Kinematics of a Pendulum with Two Different Masses

[Kokobird321]

Summary:: Classical problem about a pendulum!

The problem itself:

My FBD:

I want to solve the problem with vectors, I think that you can use energy principle somehow. If we define the vector $\vec{O}_B=\begin{bmatrix}0\\ -1\end{bmatrix}$ and define a rotational matrix where

$$R=\begin{bmatrix}cos\varphi & -\sin\varphi\\ \sin\varphi & \cos\varphi\end{bmatrix}$$

just to rotate the vector $O_B$ 30 degrees counterclockwise, but I will need to know its velocity $\dot{\theta}$ when $\theta=30^{\circ}$ somehow. Not sure how to proceed though.

 

[kuruman]

I think mechanical energy conservation is the way to go. Start with total mechanical energy equal to zero and then sort out the various kinetic and potential energies when the angle is 30^o.

 

[Kokobird321]

It becomes very trivial, I wanted a different approach

 

[kuruman]

It becomes very trivial, I wanted a different approach

Lagrangian formulation?

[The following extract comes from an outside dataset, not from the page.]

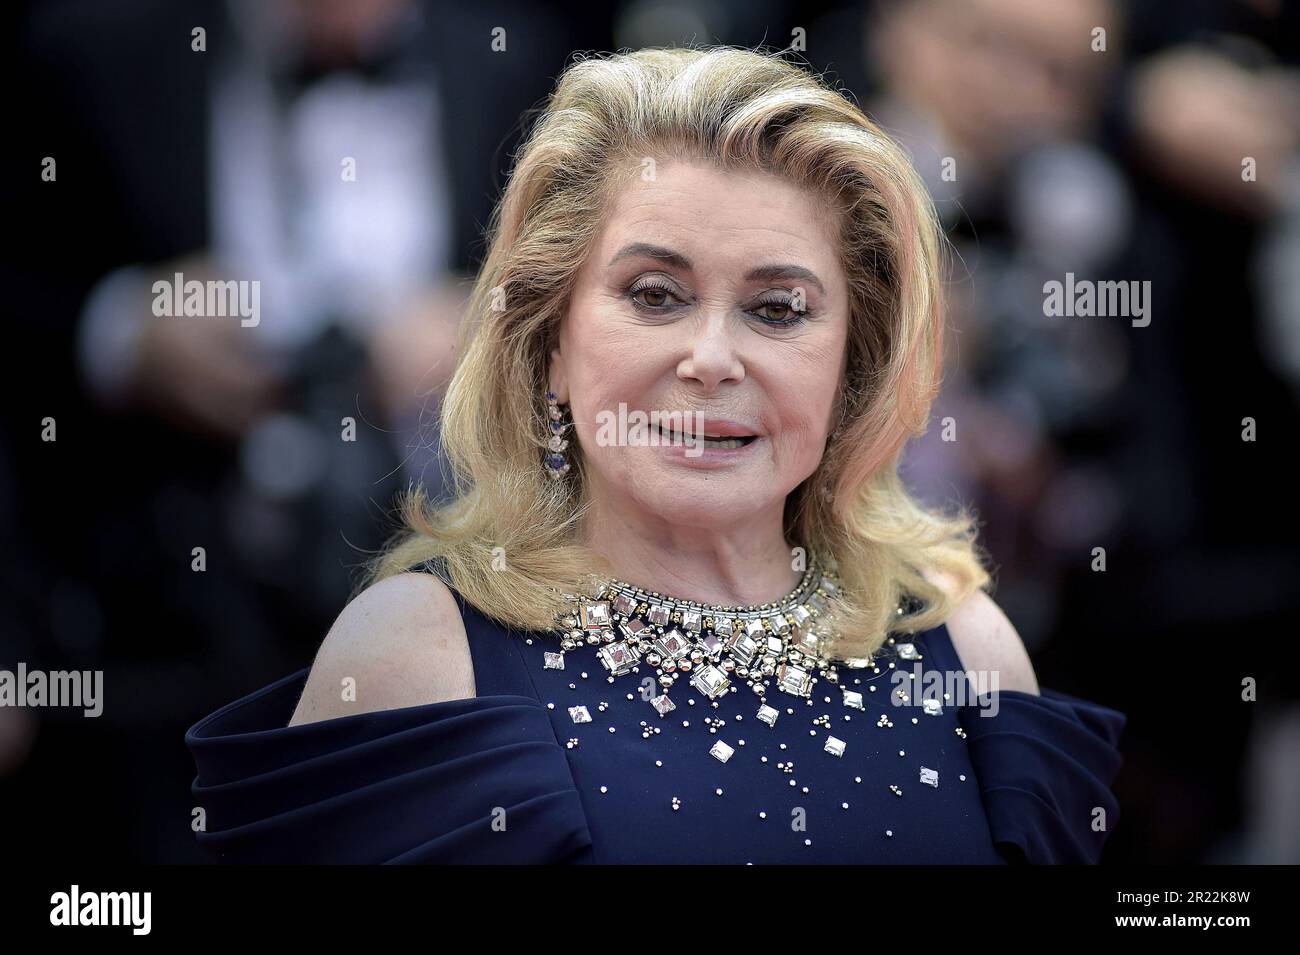 Cannes, France. 16th May, 2023. Catherine Deneuve attends the Opening Gala and premiere of Jeanne du Barry at the 76th Cannes Film Festival at Palais des Festivals in Cannes, France on Tuesday, May 16, 2023. Photo by Rocco Spaziani/ Credit: UPI/Alamy Live News Stock Photo

I am not sure whether the equations of motion are solvable analytically.

 

[Kokobird321]

Sure why not! For the lagrangian I get

$$\mathcal{L}=T-V=\frac{1}{2}m(L\dot{\theta})^2+\frac{1}{2}M(L\dot{\theta})^2+\frac{1}{2}k_T\theta^2-(Mgh-mgH)$$

so

$$\mathcal{L}=T-V=\frac{1}{2}m(L\dot{\theta})^2+\frac{1}{2}M(L\dot{\theta})^2+\frac{1}{2}k_T\theta^2-Mg\left[\sqrt{2}L-2Lsin\left(\frac{90-\theta}{2}\right)\right]+mg\left[L-L\cos\theta\right]$$

$$\frac{\partial\mathcal{L}}{\partial\theta}=k_T\theta-MgL\frac{1}{2}\cos\left(45-\frac{\theta}{2}\right)+mgL\sin\theta$$

and

$$\frac{\partial\mathcal{L}}{\partial \dot{\theta}}=mL^2\dot{\theta}+ML^2\dot{\theta}\Longrightarrow\frac{d}{dt}\left(\frac{\partial\mathcal{L}}{\partial\dot{\theta}}\right)=mL^2\ddot{\theta}+ML^2\ddot{\theta}=\ddot{\theta}(mL^2+ML^2).$$

Euler-Lagrange gives

$$\frac{d}{dt}\left(\frac{\partial\mathcal{L}}{\partial\dot{\theta}}\right)=\frac{\partial\mathcal{L}}{\partial\theta}\iff \ddot{\theta}(mL^2+ML^2)=k_T\theta-MgL\frac{1}{2}\cos\left(45-\frac{\theta}{2}\right)+mgL\sin\theta$$

$$\ddot{\theta}=\frac{1}{mL^2+ML^2}\left[k_T\theta-MgL\frac{1}{2}\cos\left(45-\frac{\theta}{2}\right)+mgL\sin\theta\right]$$

How do I proceed from here?

 

[kuruman]

What are your generalized coordinates? What are the constraints?

The term $\dfrac{1}{2}ML^2\dot \theta^2$ doesn't look right to me for the kinetic energy of the vertically hanging mass.